The Guyanese economy is quite diversified, with agriculture, mining, forestry, fishing, and manufacturing usually having significant roles. The country also used to be a major producer of sugar and bauxite, and it has significant reserves of gold and diamond. However, based on the Government’s midyear financial report all major sectors are in decline, with it nascent Oil and Gas sector accounting for the economy’s positive outlook.
Last week the People’s Progressive Party (PPP) government returned to the National Assembly for its third budget for 2022, its second supplemental budget. Parliamentary Opposition Member of Parliament (MP) Ganesh says it’s legalized thievery. MP Mahipaul told Credible Sources, “The People’s Progressive Party, they are using the National Assembly as that body or as that institution to legalize their public thievery. And all we are having from these supplementary requests for additional sums of money is to basically legalize their thievery.”
He said, “When you look at that supplementary requests, you are seeing that there is nothing for the ordinary Guyanese, there is absolutely nothing to lift their living standards. There is nothing for the hard-working tax-paying public servants. They still have to contend with this 8% slap in the face that will be taxed.” Mahipaul, who is also a member of the Assembly’s Public Accounts Committee, stated “The 8% is a shame, it’s an insult when you look at what the ordinary, hardworking taxpayers will have to get versus what people like the President, like the Prime Minister, like the ministers, what they will have to take home versus what the ordinary, hardworking Guyanese will have to take home.”

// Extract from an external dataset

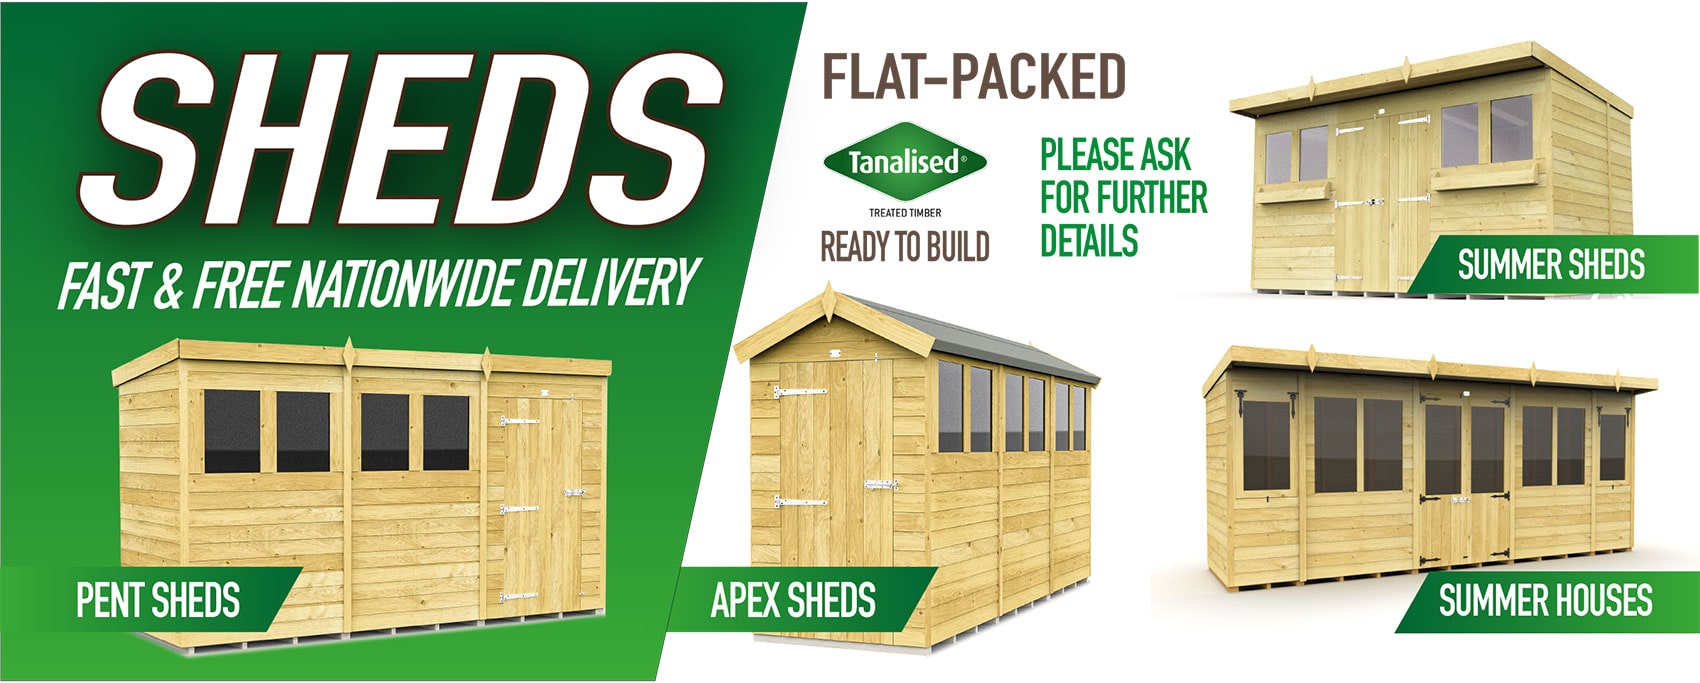 Flat Packed Sheds

The MP noted that if monies had gone to public servants, he would have been able to say “very good” but contends that there’s nothing in that 44.7 billion Supplementary Budget for the ordinary citizens. “You see that they have monies there for roads and so on, but I ask the same questions they ask before, can the people eat the road? Can the people eat the road or can they eat the drains? Lift our people out of the nightmare that they’re in and make our people more comfortable in this oil-rich Guyana.” MP Mahipaul contends the funds are instead going to “friends, families, and favorites”.